The facts in the case (Bailey v Ku-ring-gai Council [2019] NSWLEC 35)  were that after some lobbying by property owners, including the Applicants, Council had commenced the process of preparing and exhibiting a planning proposal to amend Ku-ring-gai Local Environmental Plan 2015 (LEP) to remove certain properties as heritage items. The planning proposal when initially advertised proposed to remove the Applicants’ property (along with 3 others) from the list of heritage items in the LEP.

A heritage assessment report written by the Council’s heritage specialist planner in 2017 supported the removal of the Applicants’ property as a heritage item (2017 Report). Contrary to that report, another Council report was prepared which recommended retaining rather than removing the listing of the Applicants’ property as an item of local heritage, although the heritage assessment was the same (2018 Report).

At a Council meeting, the Council resolved to vary the planning proposal to retain the listing of the Applicants’ property as a heritage item and then resolved to amend the LEP in accordance with the varied planning proposal.

The Applicants alleged that they had been denied procedural fairness because they were not given sufficient time to obtain expert heritage advice after finding out about the variation to the recommendation and before the Council meeting and there was no explanation for why the Council officers changed their recommendation. Without an explanation, the Applicants claimed that they were not in a position to make submissions against the recommendations in the 2018 Report.

The Applicants were:

  • given an opportunity to make a submission on the planning proposal when it was publicly notified (and when it recommended delisting of their house),
  • provided with the 2017 Report,
  • notified 6 days before the relevant Council meeting that the Council would be considering the planning proposal at the meeting and invited to view the 2018 Report online and at the Council chambers (although the notice did not state that the recommendation had changed),
  • expressly told of the change in recommendation a day before the Council meeting, and
  • had the opportunity to, and did in fact contact the Councillors before the meeting and speak at the Council meeting.


Chief Justice Preston of the Land and Environment Court held that the Applicants were not denied procedural fairness.

Section 3.35 of the Environmental Planning and Assessment Act 1979 (EPA Act) provides that a planning proposal may be varied, but only requires further community consultation if the gateway determination issued for the planning proposal requires it.

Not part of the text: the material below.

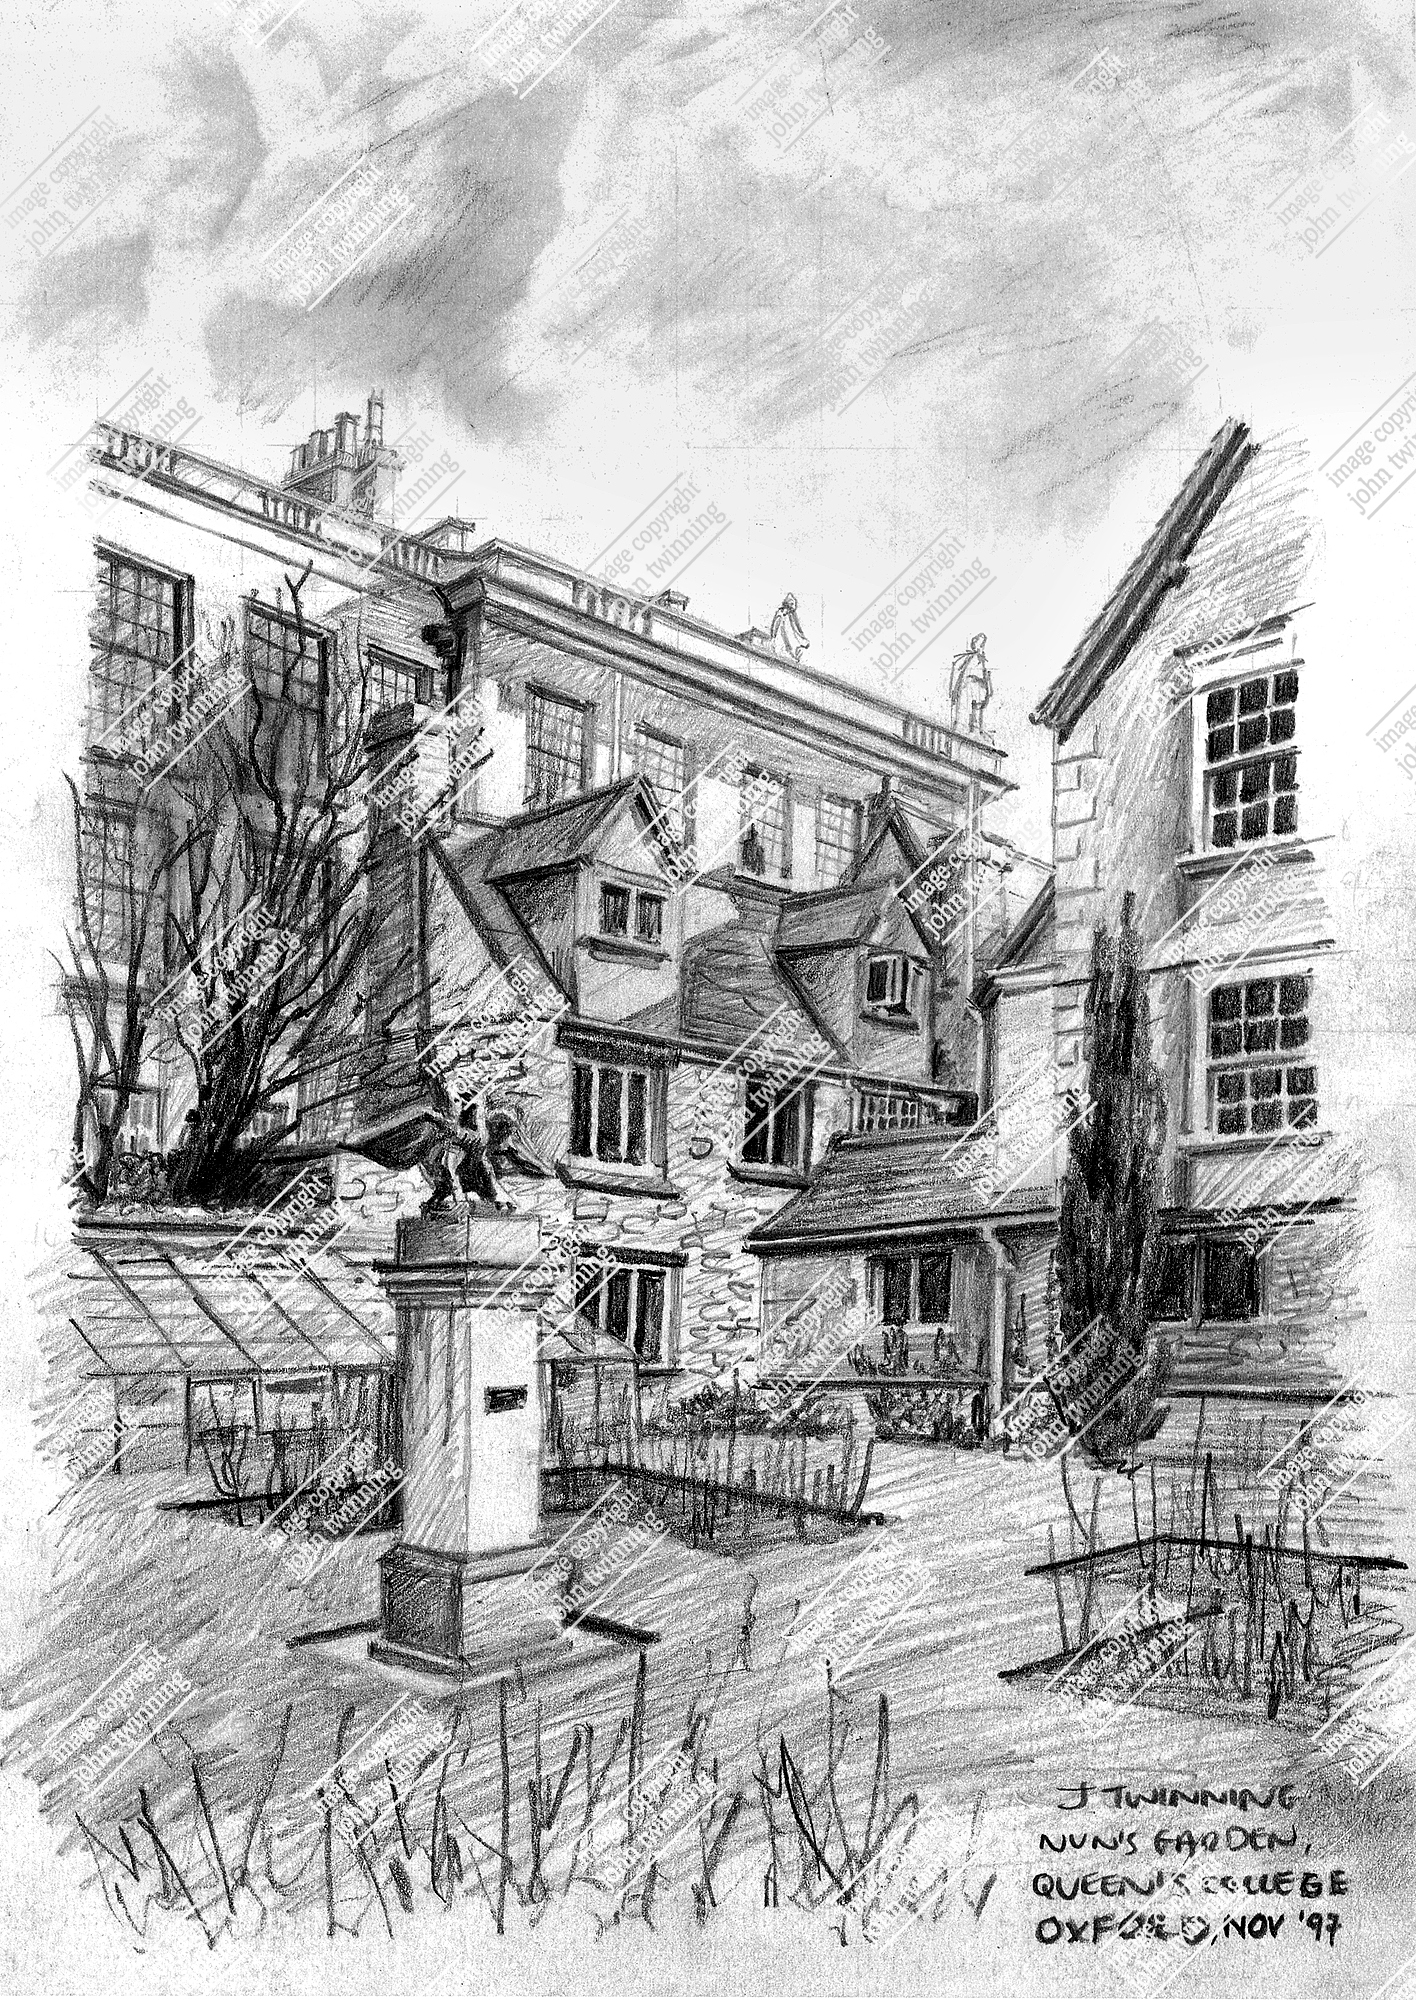 'The Nun's Garden' [portrait] - art print from a pencil drawing of this view of the queen's college, oxford

The Council in this case was not found to have breached any obligation in respect of community consultation under s3.35.

The Court found that the EPA Act did not require Council to give persons affected by a planning proposal an opportunity to make further submissions when it decides to vary a planning proposal. However, even if it did, the Applicants were not denied any opportunity to make submissions (due to the facts set out above).

The Applicants had ample opportunity to make submissions on both the planning proposal and the recommended revised planning proposal (which was provided 6 days before the Council meeting but which the Applicants did not read – assuming there was no change in recommendation). The fact that the Applicants sought further opportunities to make submissions did not make the opportunities that they did have insufficient or inadequate.

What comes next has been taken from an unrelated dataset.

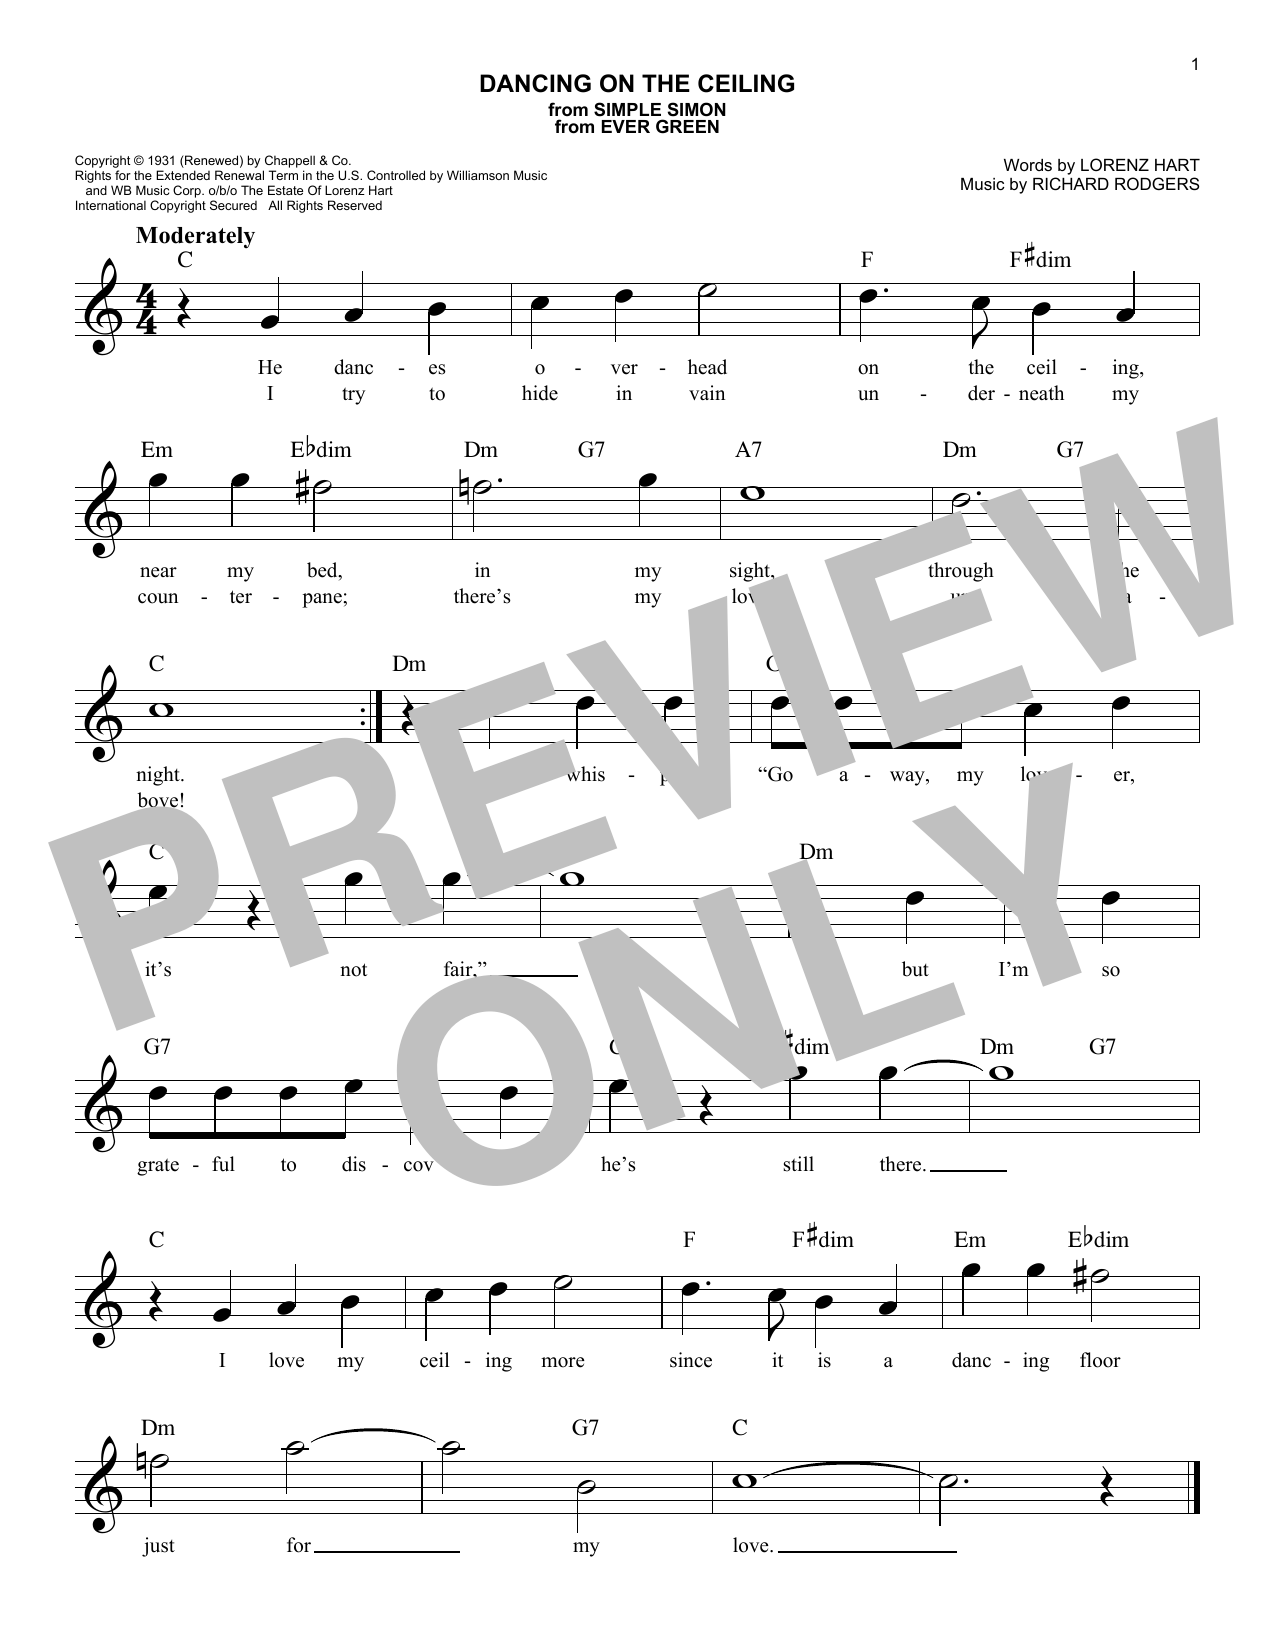 Download Richard Rodgers Dancing On The Ceiling Sheet Music

Furthermore, although the recommendation changed, the heritage assessment of the Applicant’s property did not, just the recommended decision based on that assessment. The Applicants’ had ample opportunity to address the heritage assessment and make comments on it, and tactically chose not to submit their own heritage evidence, on the assumption that the recommendation to delist their property would not change.

Ultimately, the Court found that the Applicants’ concerns were not about procedural fairness.  The Applicants expected that the Council officers would continue to recommend removal of the heritage listing of their property, and the Council would adopt that recommendation. This was an expectation of a particular substantive outcome and not an expectation regarding the  process of amending the LEP, and therefore could not be characterised as  a concern about procedural fairness.

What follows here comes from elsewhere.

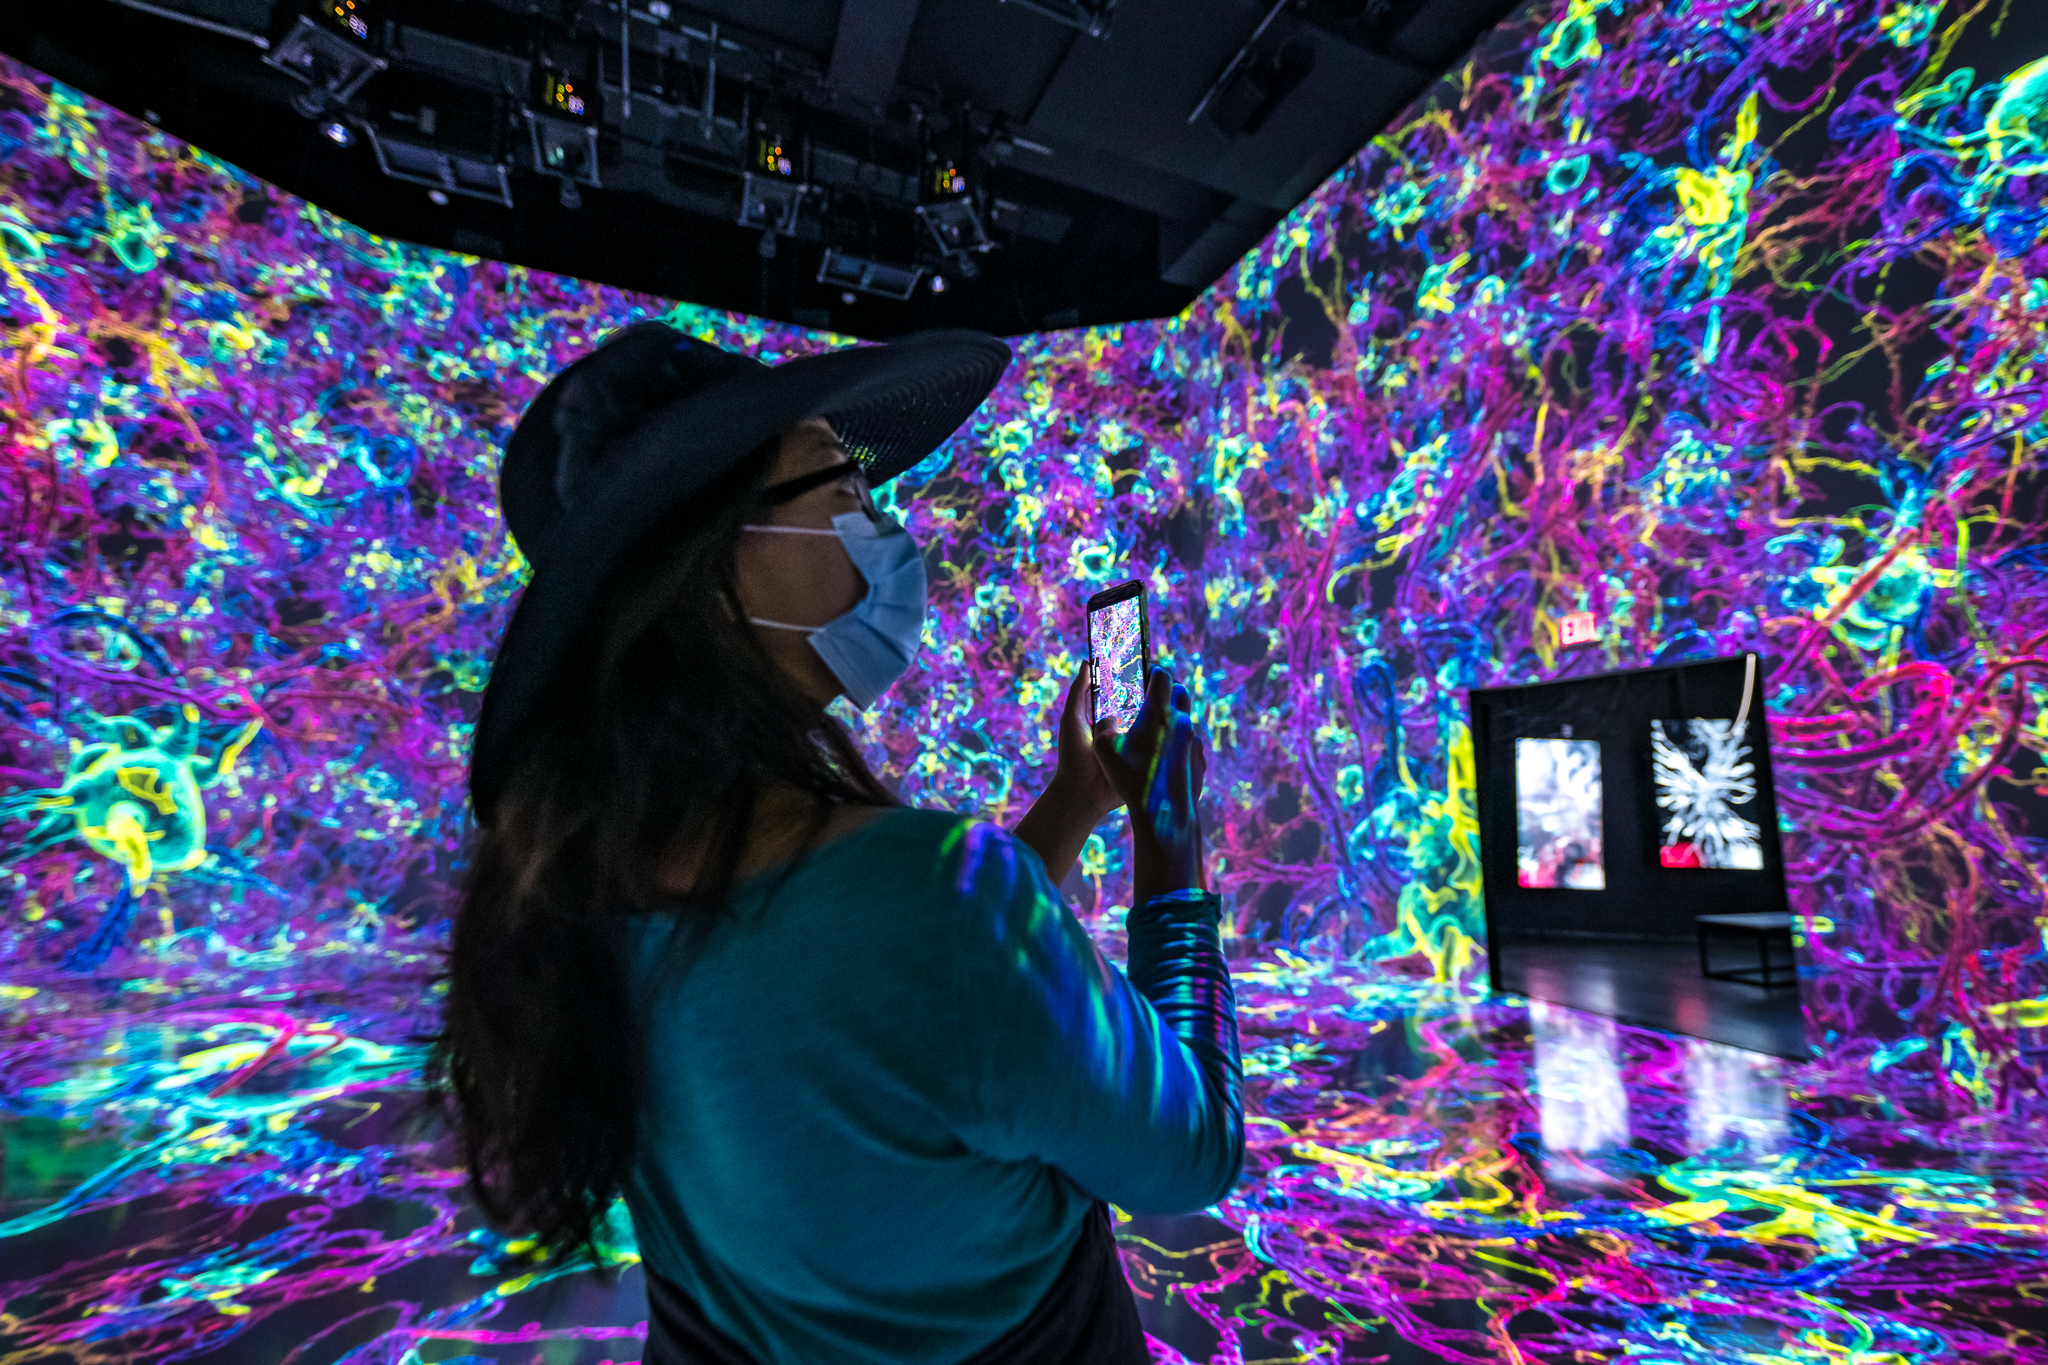 An image of a woman observing the main display at the life of a Neuron exhibit from the SfN and ARTECHOUSE collaboration.

In our view, this case does not affect previous decisions which suggest further community consultation could be required if the variation to the planning proposal is so significant that the plan ultimately made could not be said to be a result of the process which included the community consultation. Read our previous blogs on this issue, here and here.

However, in this case, the Court did not discuss the significance or otherwise of the variation to the recommendation and the case turned more on the opportunities the Applicants’ were given to make submissions and particularly the fact that the expert heritage assessment relied on by Council had been available to the Applicants and they had ample opportunity to make submissions on it.